Honestly, the entire gaggle of nerds complaining online that modern Trek isn't Trek should take another look at DS9, because even at the time I thought it was a different show reskinned as Trek and missed the spirit of the thing. I'm assuming the other show is Babylon 5, but I never got into that, either.

funnyletter,

A lot of nerds seem super pissed at Star Trek: Picard because it's "not Trek" and "too dark" but I actually like it because it's like "ummm this is colonialism actually???" and I have a tough time watching most older Trek because it is in fact colonialism actually.

SFaulken,
SFaulken avatar

I liked Picard just fine. It was uneven, and didn't feel super "Star Trek"-y, but was an alright show.

Discovery is the one I gave up on. I just don't like it.

MudMan,
MudMan avatar

It's both. I don't love it when the Federation stands in for the US specifically, but since the pushback against that notion comes and goes, if it is the US then it is colonialism, actually.

But that cuts both ways, I dislike it when Picard does it, but also when TNG does it. Picard has bigger issues than that, though.

ReCursing,
ReCursing avatar

I liked DS9 over all, but it;s 9 series could have been 5 and lost nothing, and could have been 3 and lost little! so... much... filler!

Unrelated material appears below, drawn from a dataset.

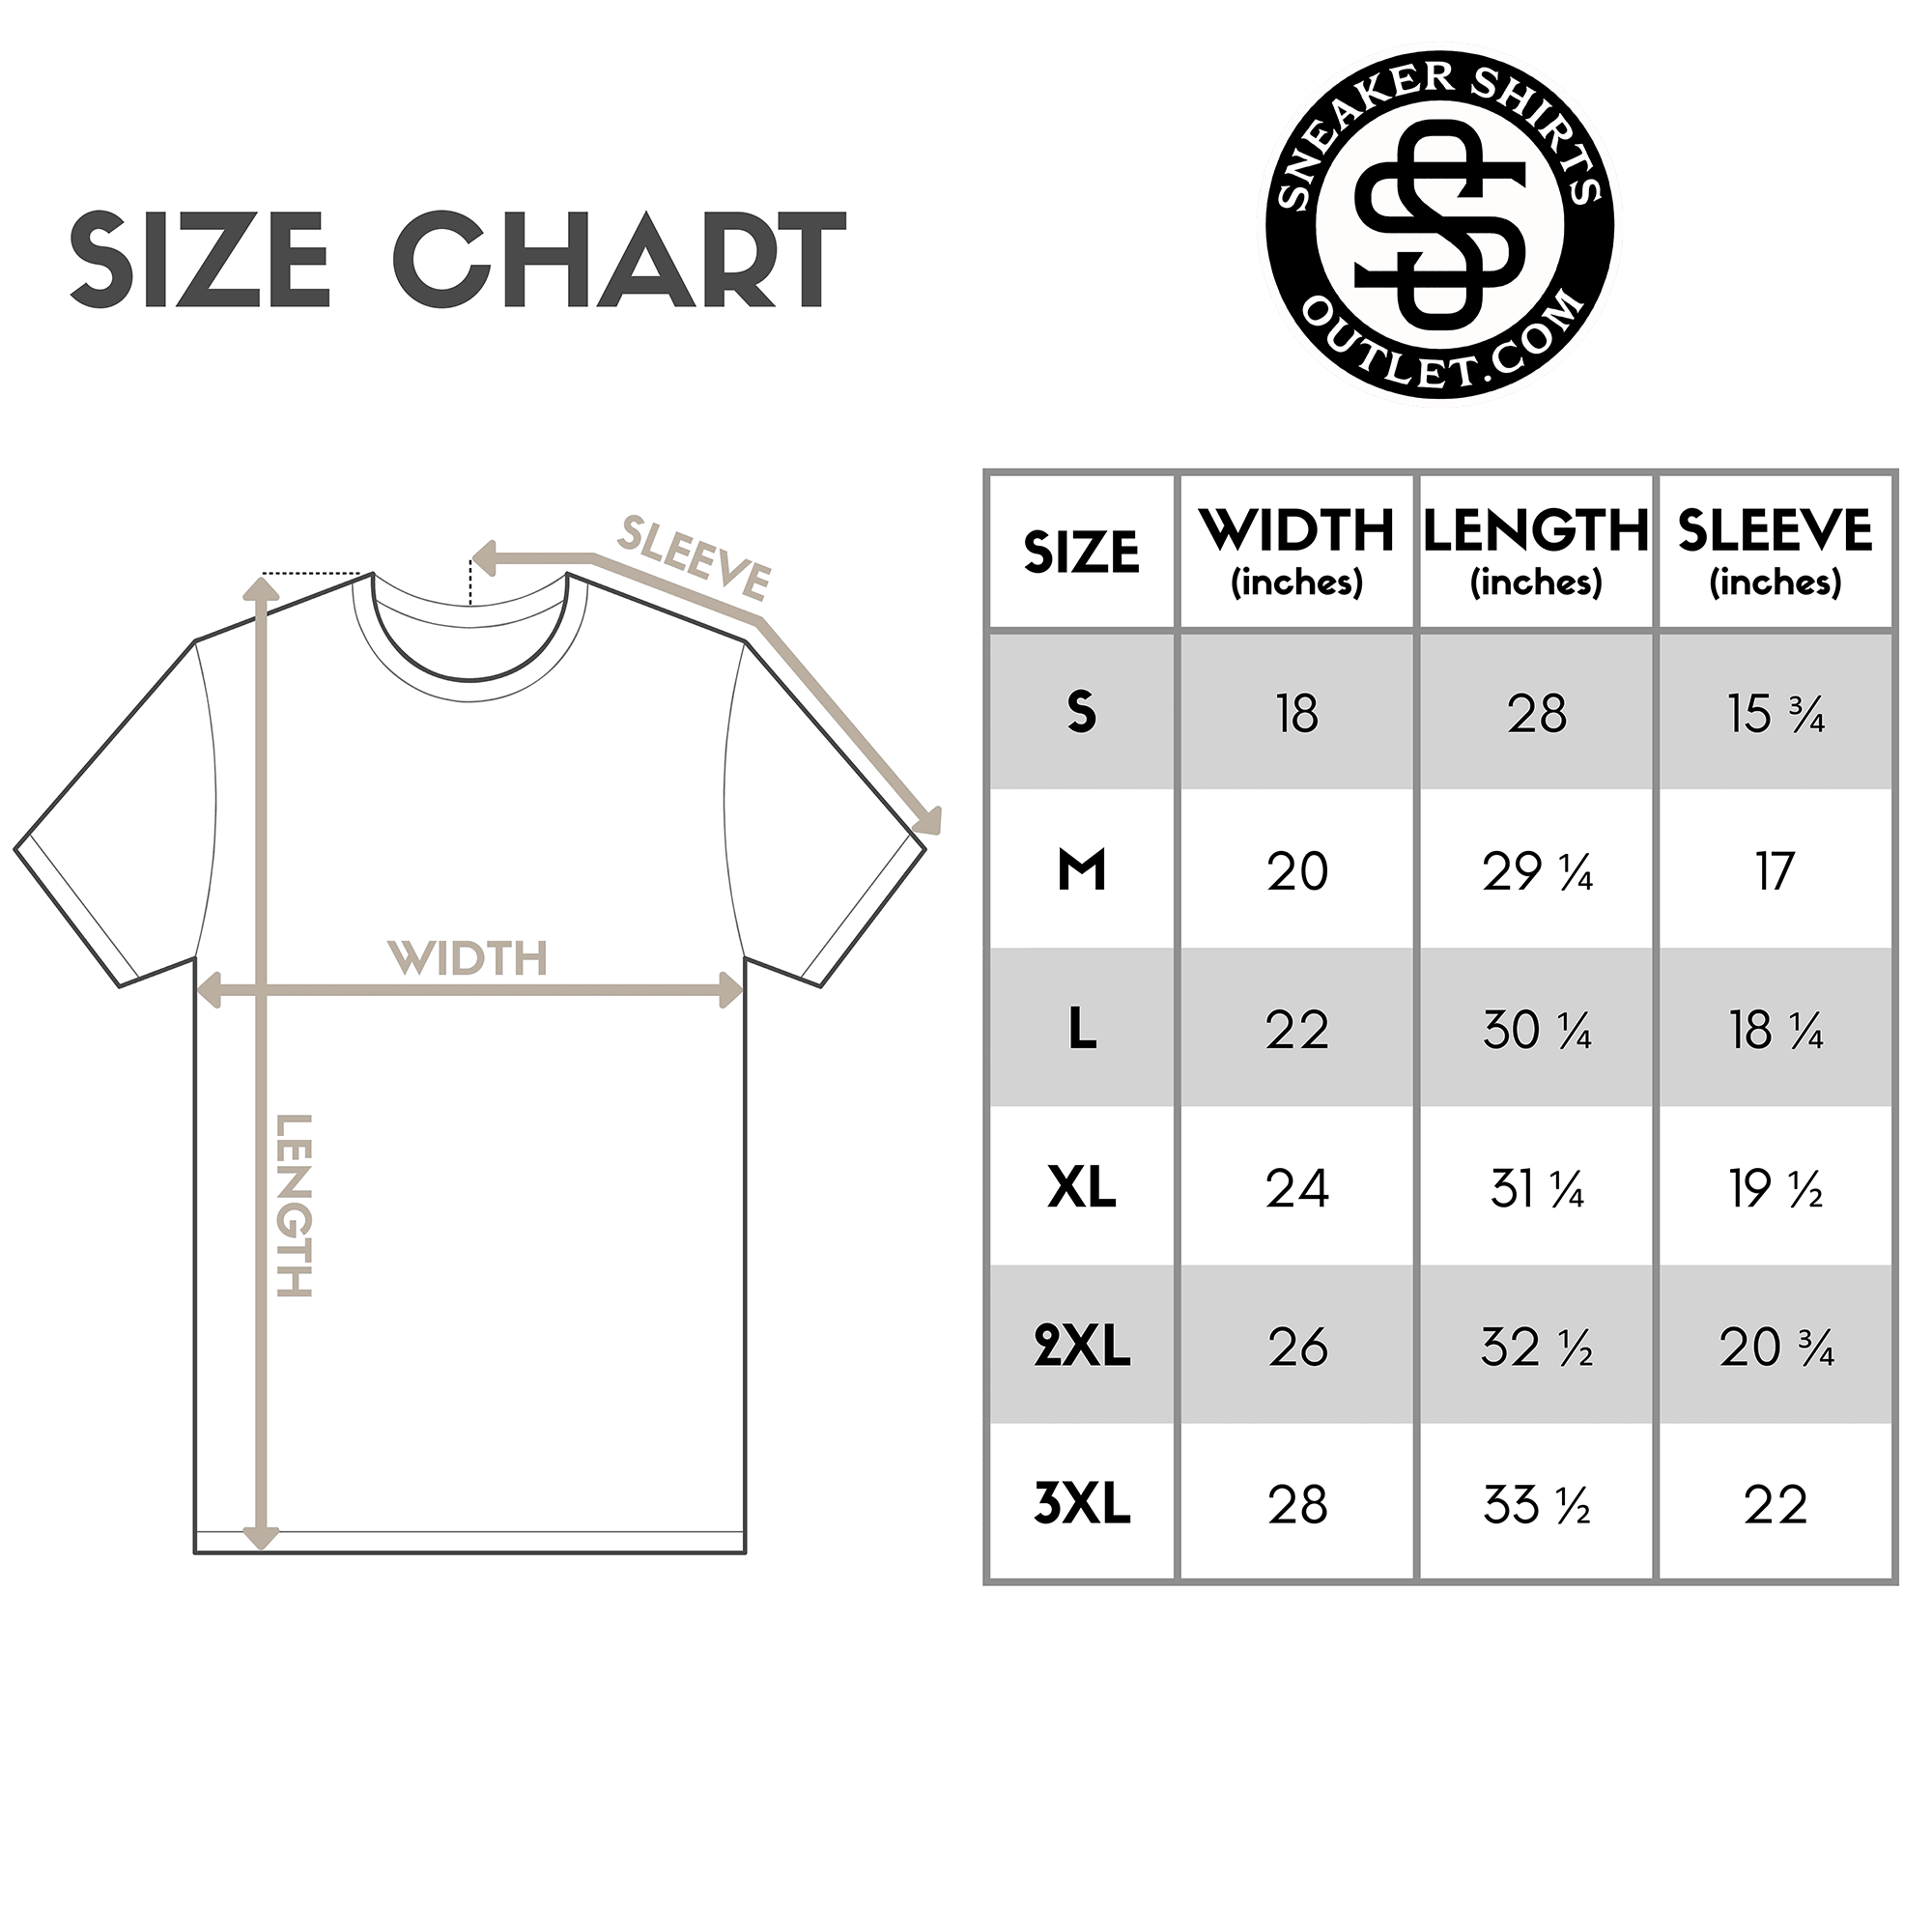 AJ 1 Mid Paint Drip (GS) Shirt - More Money Less Friends - Sneaker Shirts Outlet

Crazytrixsta, in What's your Sci-Fi unpopular opinion?

2001 book was great. Arthur C Clarke has always been my favorite author. I think Rendevous with Rama would’ve been a more approachable story to adapt into a movie. Full of mystery and curiosity. Creative direction could go wild on art without changing bay of the books story. Starts with a mystery, reveals bits and bobs in the middle, ends with mystery. Leaves you questioning. Chefs kiss.

Haven’t really kept up with modern sci-fi opinion. So maybe my opinions are popular maybe not.

I believe Ilium and Olympos are part of the greatest sci-fi story ever written. Far better than Dan Simmons Hyperion Cantos. It presents wild and imaginative futuristic ideas with insane scientific basis for them.

benignintervention,

I tried Ilium and took a break after the many pages long exposition on a naked teenager at the beginning and then never had the energy to go back. Should I try again?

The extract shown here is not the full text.